The emergence of Zionism and the Palestine question further added to the Muslim 'othering' of the Jews. From the Jewish perspective, the issue of a Jewish national home in Palestine was mostly one of modern nationalism and politics, though there was clearly an overtone of religious identity as well. The Palestinian Arab perspective was similar in that it was primarily an issue of land and hegemony, with religion a minor issue. From the Islamic perspective, however, the issue was much larger, and the separation between religion and nationalism has always been fuzzy in the modern Middle East. The Zionists disregarded their secondary status entirely and even built and managed their own independent economy. Zionism thus represented a case of dhimmis attempting to break out of their protected but inferior status by establishing an independent Jewish nation-state in the heartland of the Islamic Middle East.
This was unacceptable on its own terms, but its close historical and phenomenological association with European expansion and colonization made it all the more threatening.
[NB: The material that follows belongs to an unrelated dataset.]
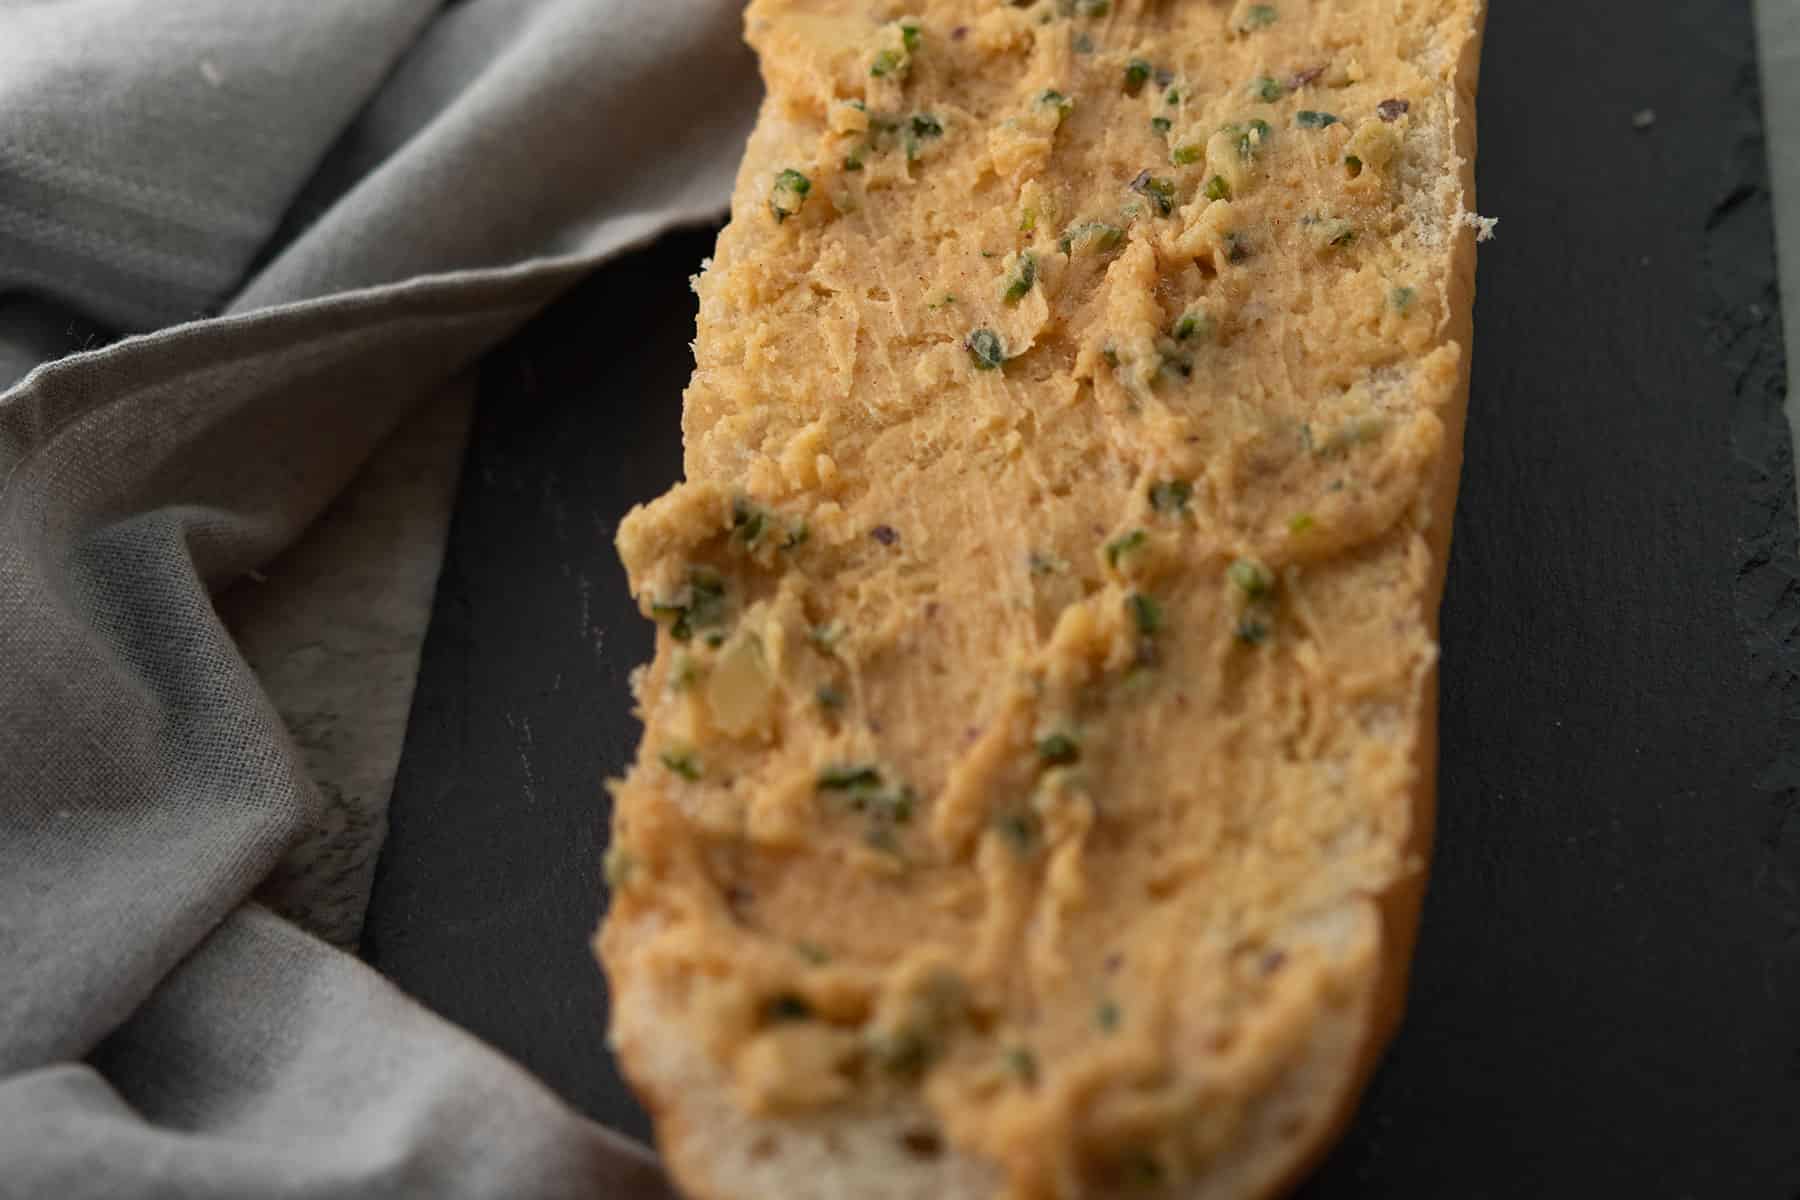 butter spread over the bread

The Zionists were overwhelmingly European, and their views of Arabs reflected prevailing European attitudes and expectations. Whatever Zionism was to the Jews and to its British Christian supporters, it represented a reversal of the divine order to religious Muslims, and was regarded increasingly contrary to the way of God by Islamists, those Muslims who were seeking a way out of the decline of the Islamic world through greater religious devotion.
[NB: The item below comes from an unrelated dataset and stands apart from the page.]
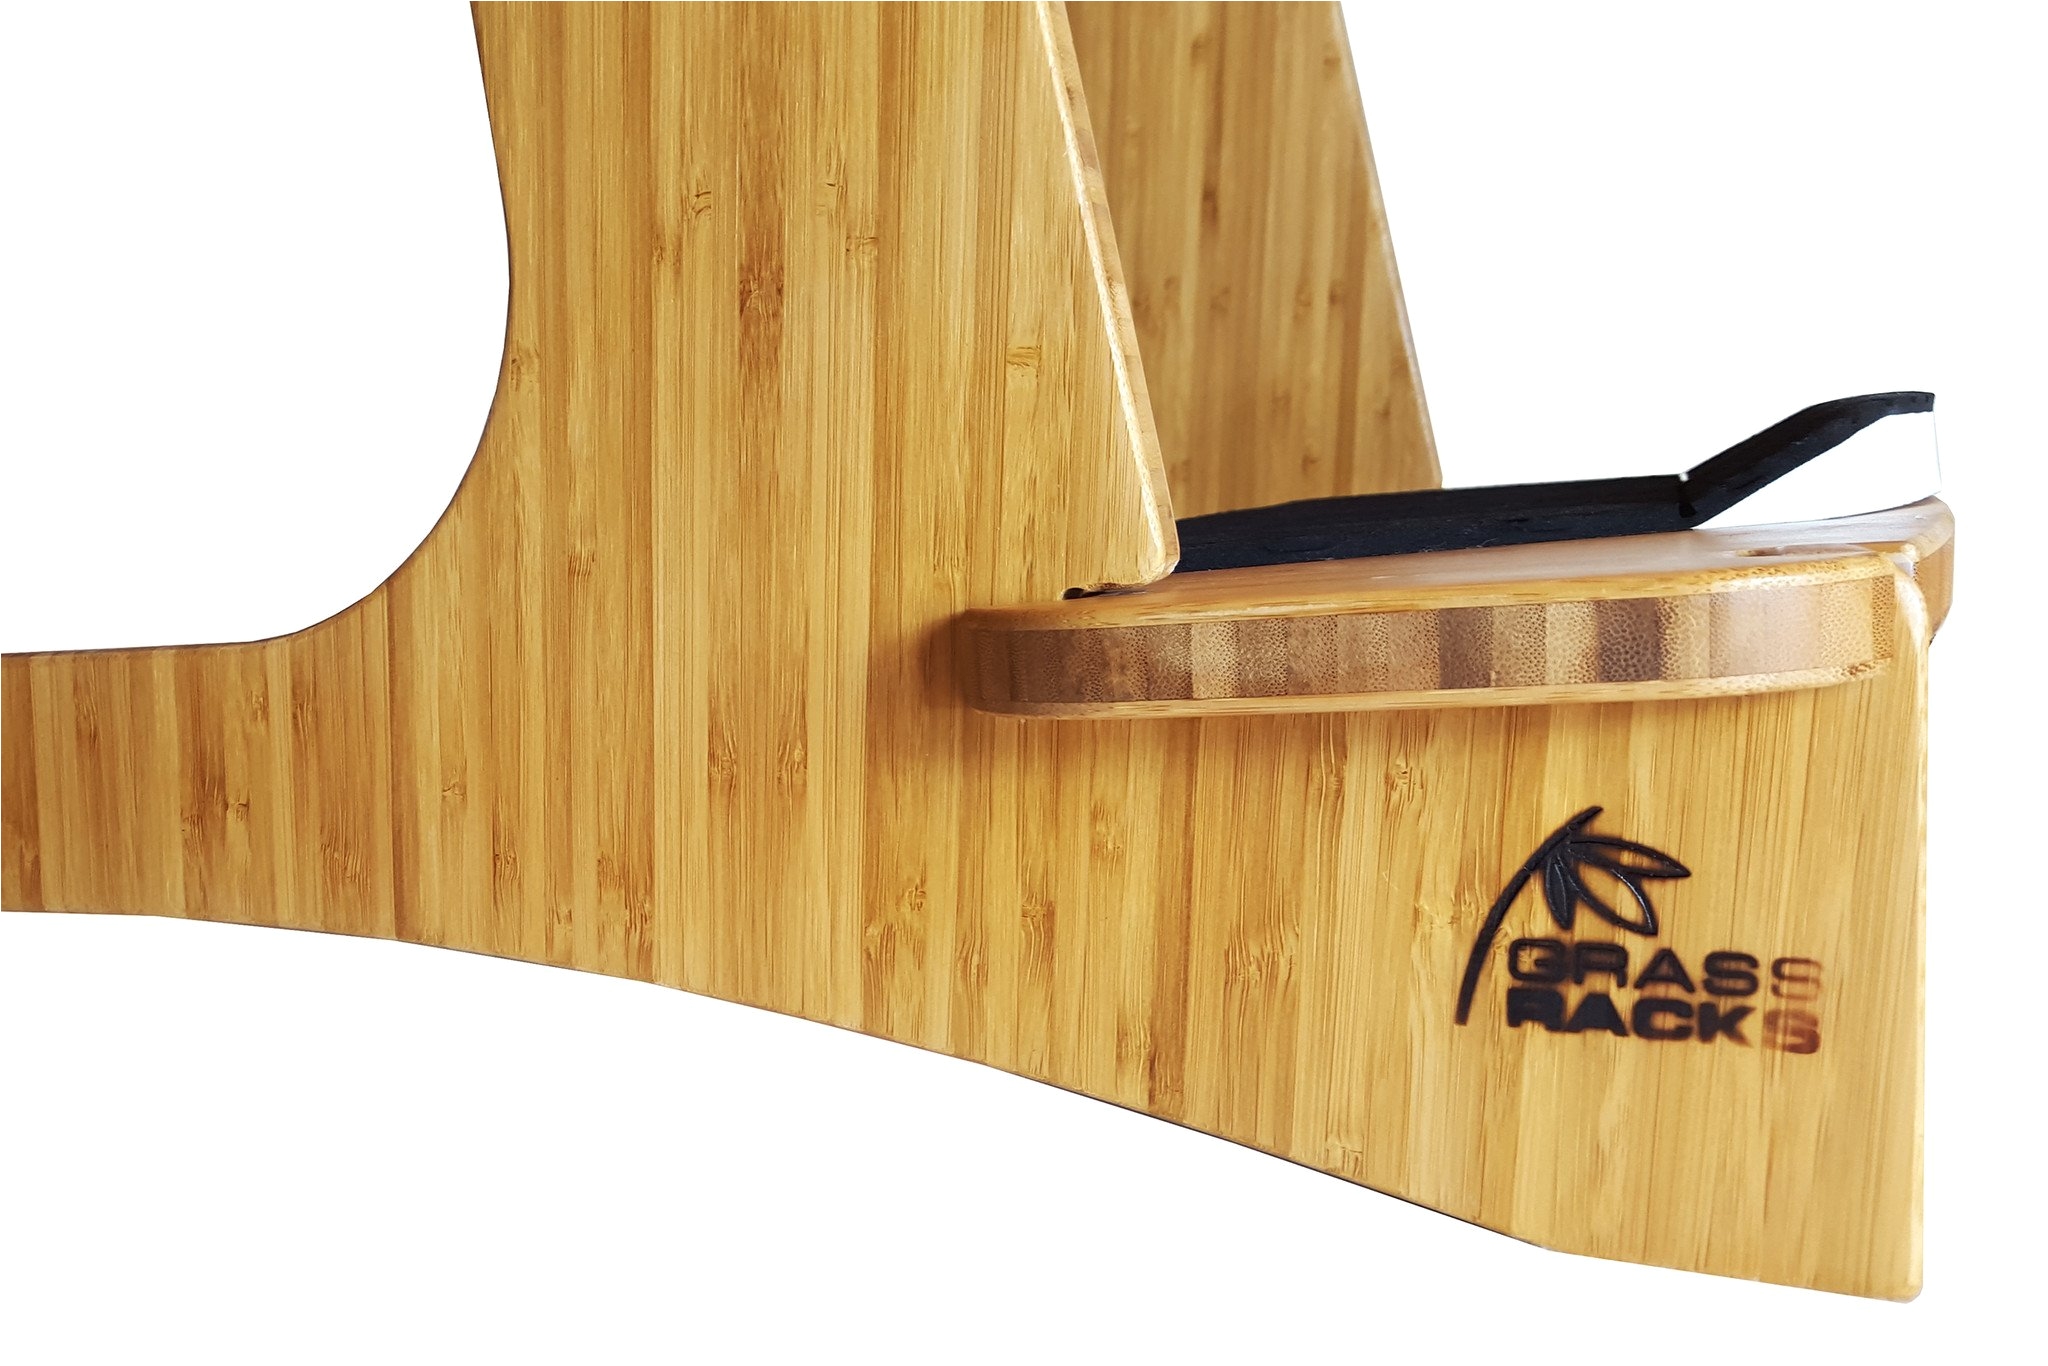 in store paddleboard surf rack by grassracks freestanding surfboard rack with kicker a vertical

Islamic antipathy to Zionism was apparent from the beginning, but it was often mixed up with Arab political movements and Arab anti-colonialism. Because of the strong Christian and secular components in Arab political movements through the end of the Mandate period, especially in Syria-Palestine, the Islamic component was often underplayed. It always remained under the surface, however, and the large compendium of anti-Jewish material in the Qur'an and the Tradition made for a constant reminder of the negative attributes and evil desires of 'the Jews,' though it must be remembered that the material actually reflects a conflict that was limited to the Jewish community of seventh century Medina.
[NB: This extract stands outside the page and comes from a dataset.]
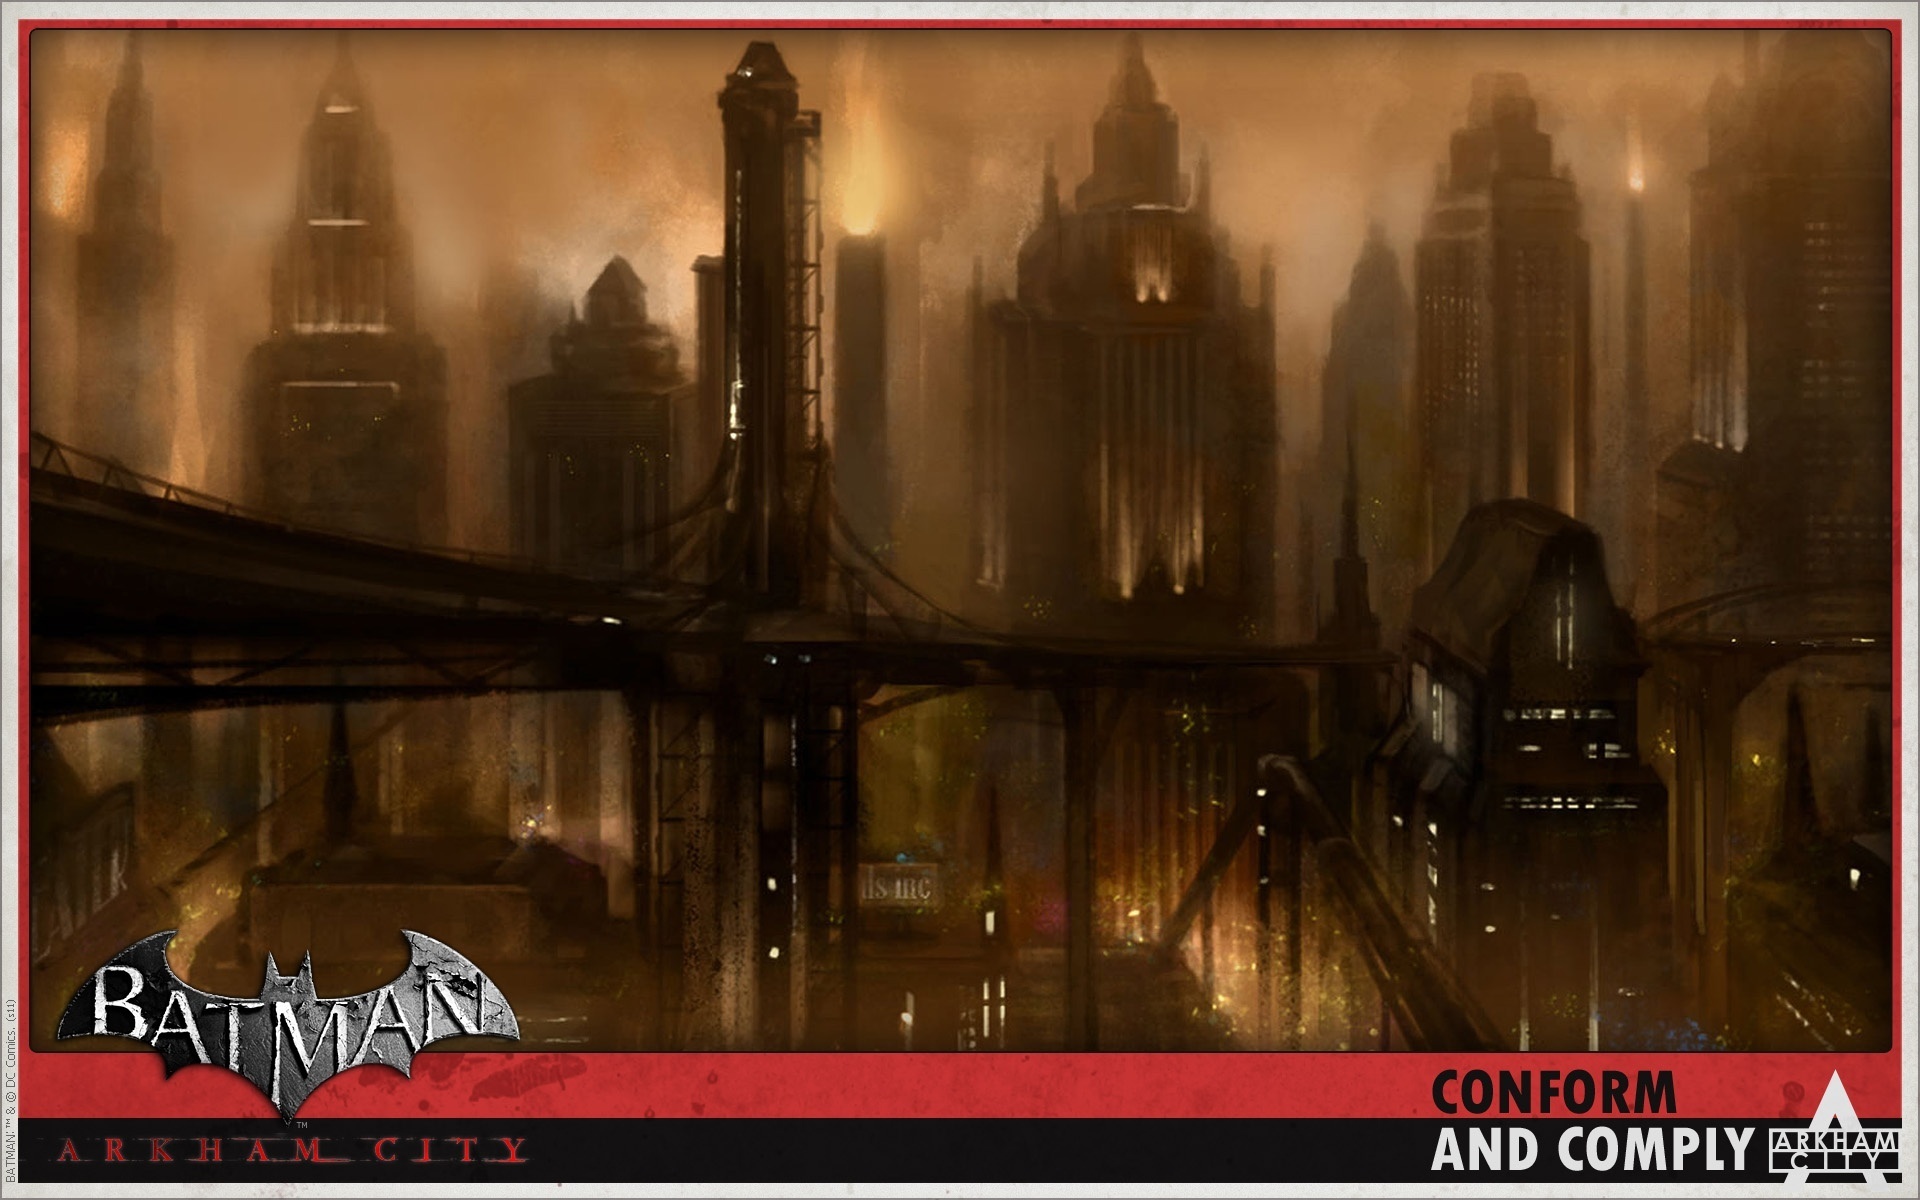 Arkham City - Batman Arkham City Wallpaper (21499922) - Fanpop

Today, therefore, the major subtext for the current Islamic view of Jews is the Israel-Palestine conflict, with its own religious subtext of dhimmitude: Jews are expected to acquiesce to Islamic domination. Jews have not done so when they created the Jewish State of Israel against the vociferous protests of the Islamic world. Some Muslims have attempted to draw a distinction between those Jews who live in and support the State of Israel – the 'Zionists,' – and those Jews who do not. Such subtlety, however, seems to be lost on most Muslims.
The Egyptian, Sayyid Qutb, for example, who is one of the most important ideologues of current Islamist groups, portrays the Jews in his work, Our Struggle with the Jews (early 1950s), as the ultimate source of adversity that has continuously beset Islam. He and others after him used this antagonistic image of the Jews as a vehicle for promoting Islamic activism and reform.2
Despite such disturbing portrayals, Muslims' views of Jews are both complex and fluid. There is no single authoritative body or institution such as the papacy in the Islamic world that can speak in the name of Islam (or more precisely, in the name of a significant, unified body of Muslims). The decentralized, fragmented nature of religious organization and authority in Islam has mitigated against any kind of unity regarding most religious issues that does not rely simply on inertia. But there has been inertia in reference to Jews, and by the beginning of the 21st century that inertia has moved Islam toward an increasing public anti-Jewish antipathy.
2 Jeffrey Kenney, "Enemies Near and Far: The Image of the Jews in Islamist Discourse in Egypt," Religion 24 (1990), 255.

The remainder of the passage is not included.